▸ **About this exercise**
Set the whole listing down again, word for word, with no pictures.

** Opening Source material block **

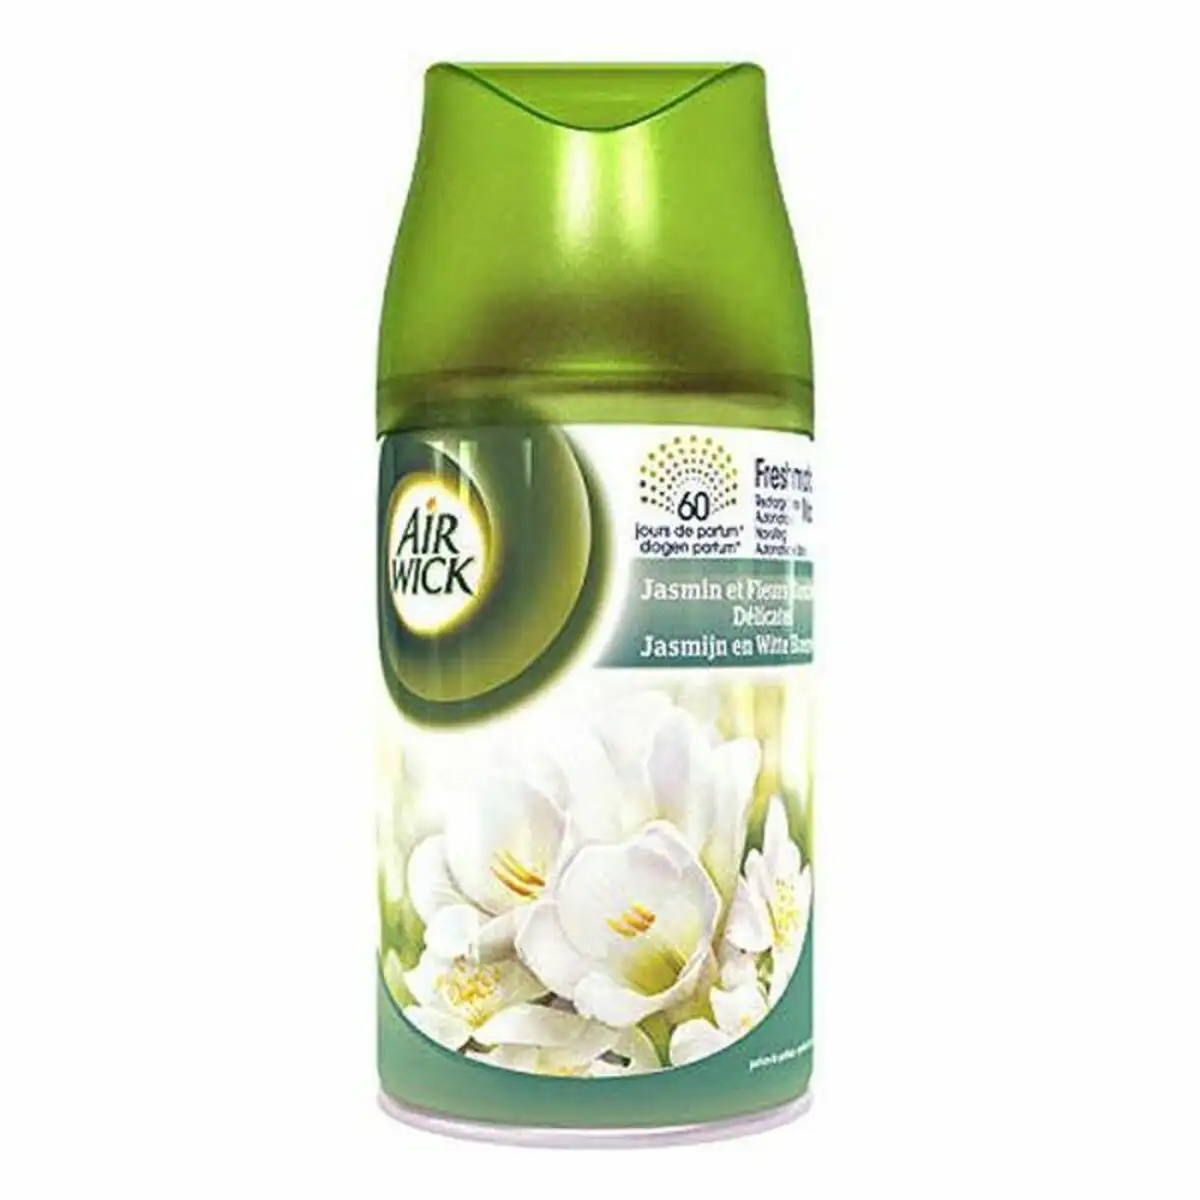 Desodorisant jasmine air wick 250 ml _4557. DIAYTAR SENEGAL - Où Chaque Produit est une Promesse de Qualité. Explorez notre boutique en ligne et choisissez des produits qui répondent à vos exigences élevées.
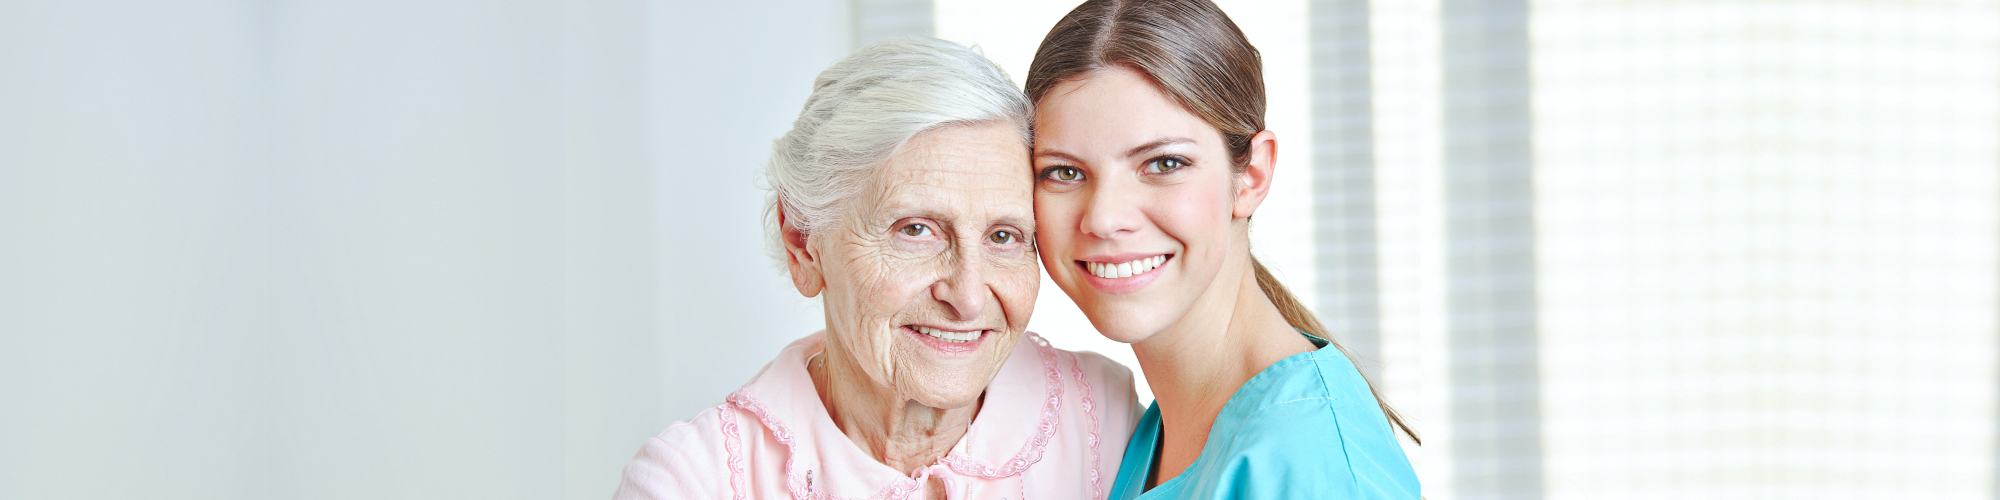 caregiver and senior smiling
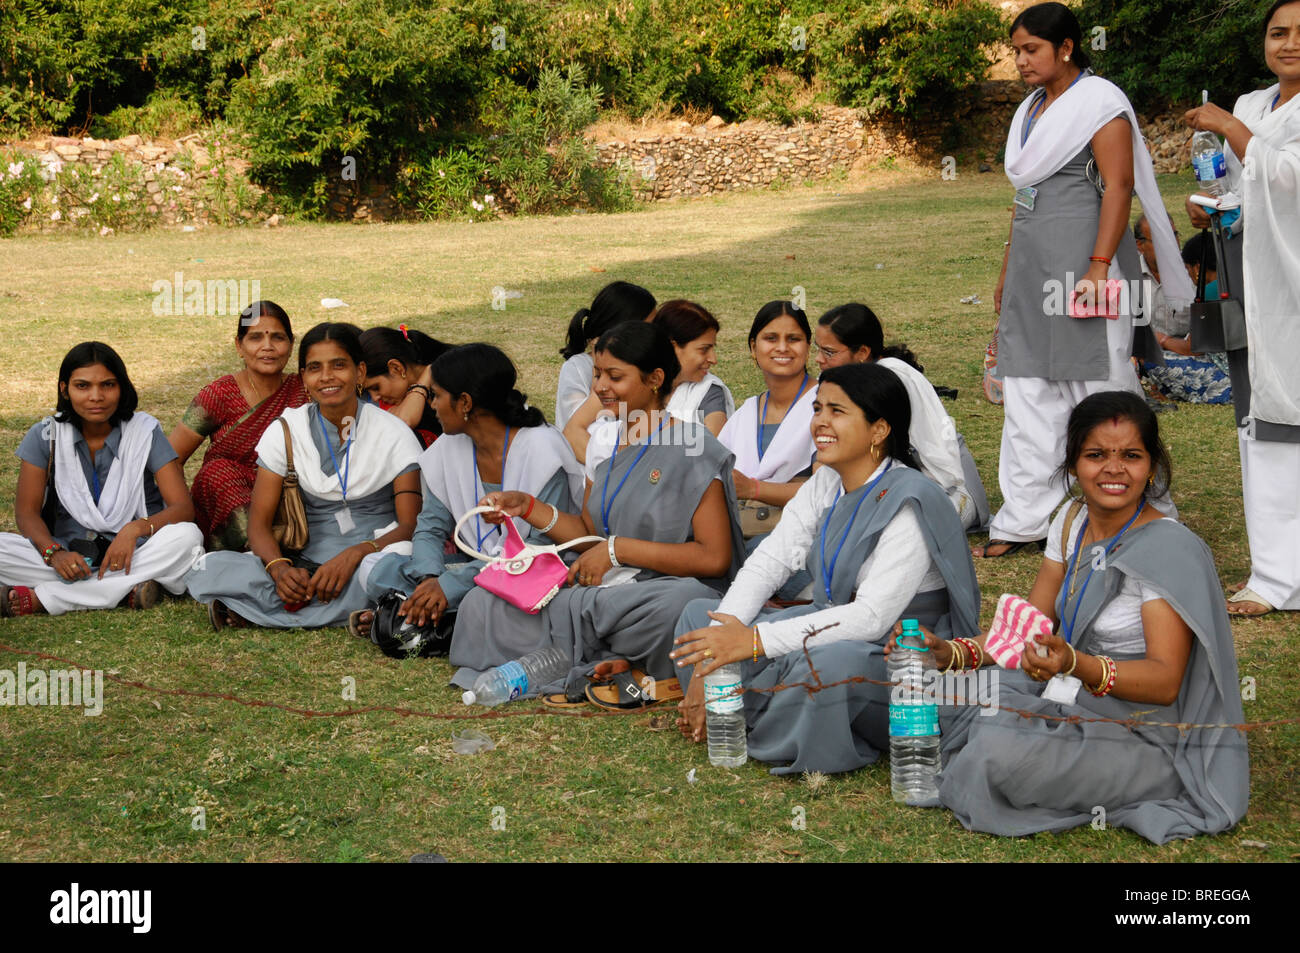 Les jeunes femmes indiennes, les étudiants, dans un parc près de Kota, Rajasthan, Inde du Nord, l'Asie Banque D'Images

** Closing Source material block **

▸ **Response to this task**
 Desodorisant jasmine air wick 250 ml _4557. DIAYTAR SENEGAL - Où Chaque Produit est une Promesse de Qualité. Explorez notre boutique en ligne et choisissez des produits qui répondent à vos exigences élevées.
 caregiver and senior smiling
 Les jeunes femmes indiennes, les étudiants, dans un parc près de Kota, Rajasthan, Inde du Nord, l'Asie Banque D'Images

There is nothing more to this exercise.